> **Dataset extract**:

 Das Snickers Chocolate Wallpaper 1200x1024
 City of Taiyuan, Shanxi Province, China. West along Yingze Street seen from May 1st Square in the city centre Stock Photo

...

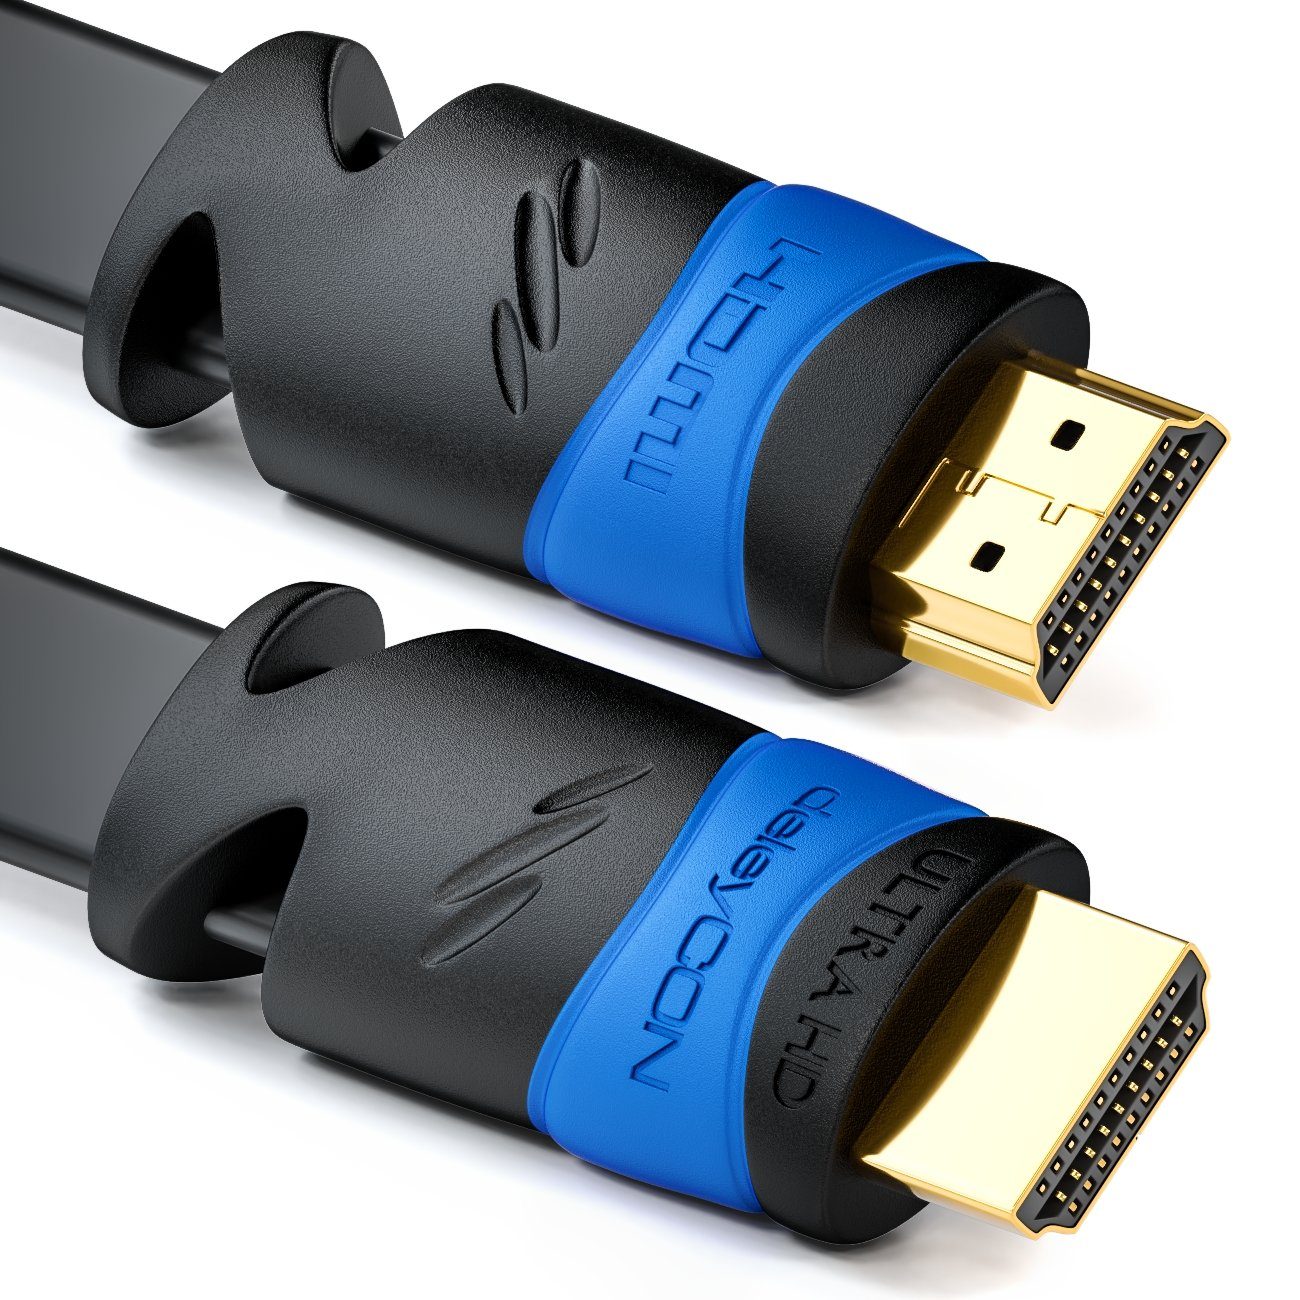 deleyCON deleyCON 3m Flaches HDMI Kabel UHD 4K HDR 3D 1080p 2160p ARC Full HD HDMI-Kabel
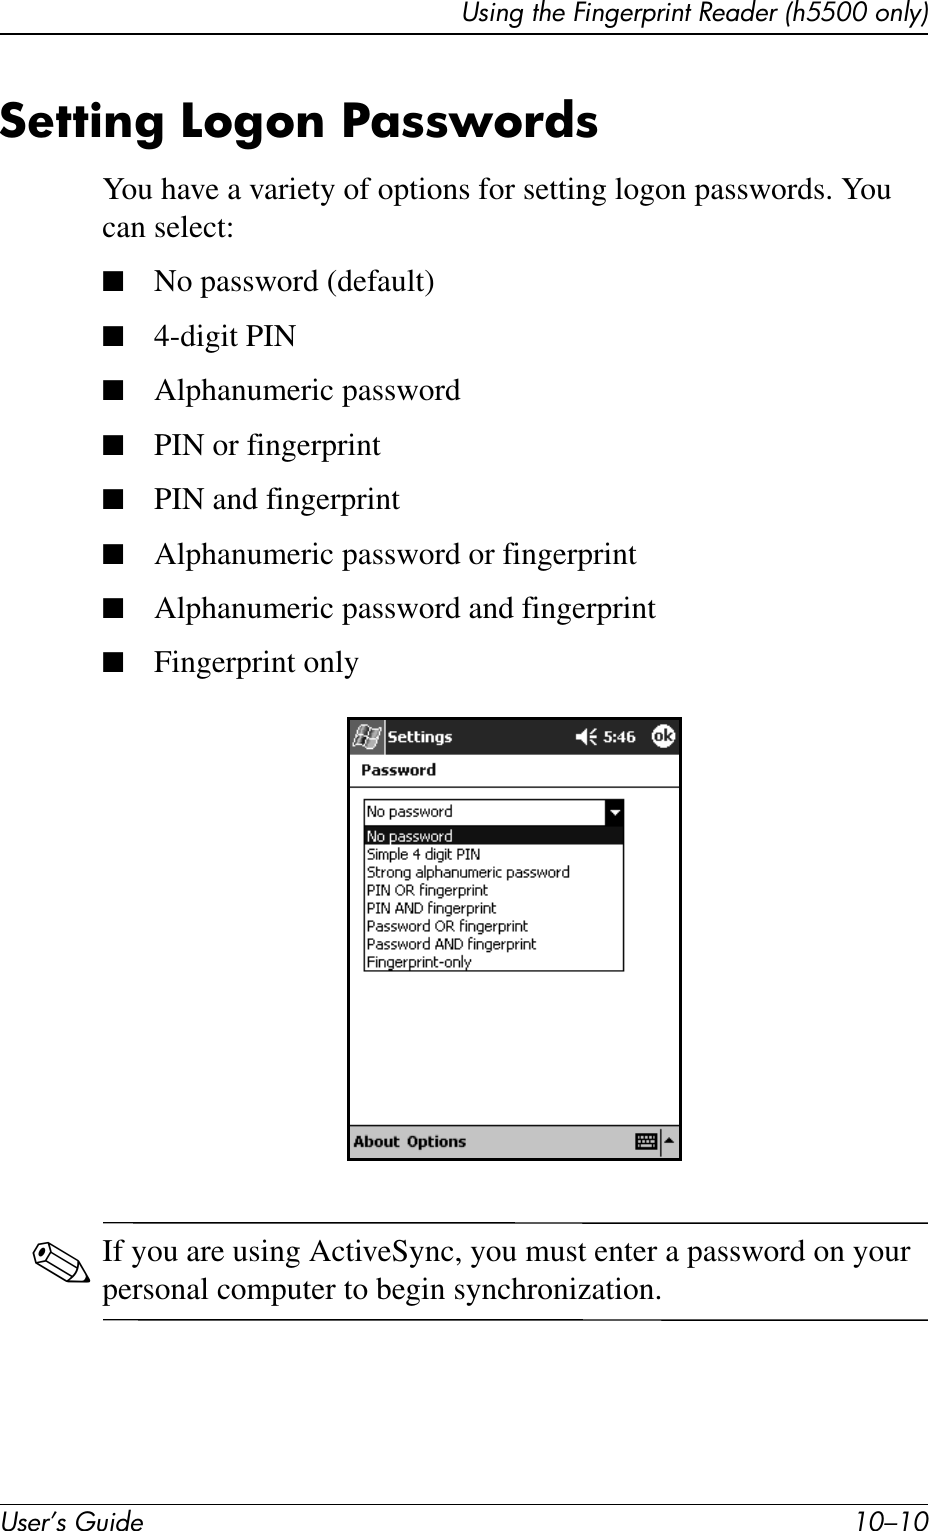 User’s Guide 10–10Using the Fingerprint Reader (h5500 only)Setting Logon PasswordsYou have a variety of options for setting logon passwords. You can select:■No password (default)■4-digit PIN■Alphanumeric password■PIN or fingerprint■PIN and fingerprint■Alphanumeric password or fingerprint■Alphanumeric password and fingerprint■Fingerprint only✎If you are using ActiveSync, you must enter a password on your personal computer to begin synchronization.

> **Exercise aim**: Would you retype exactly the lines above, from the line with "Das Snickers Chocolate Wallpaper 1200x1024" to the line with "City of Taiyuan, Shanxi", with both end lines kept and nothing more?

> **Exercise answer**:
 Das Snickers Chocolate Wallpaper 1200x1024
 City of Taiyuan, Shanxi Province, China. West along Yingze Street seen from May 1st Square in the city centre Stock Photo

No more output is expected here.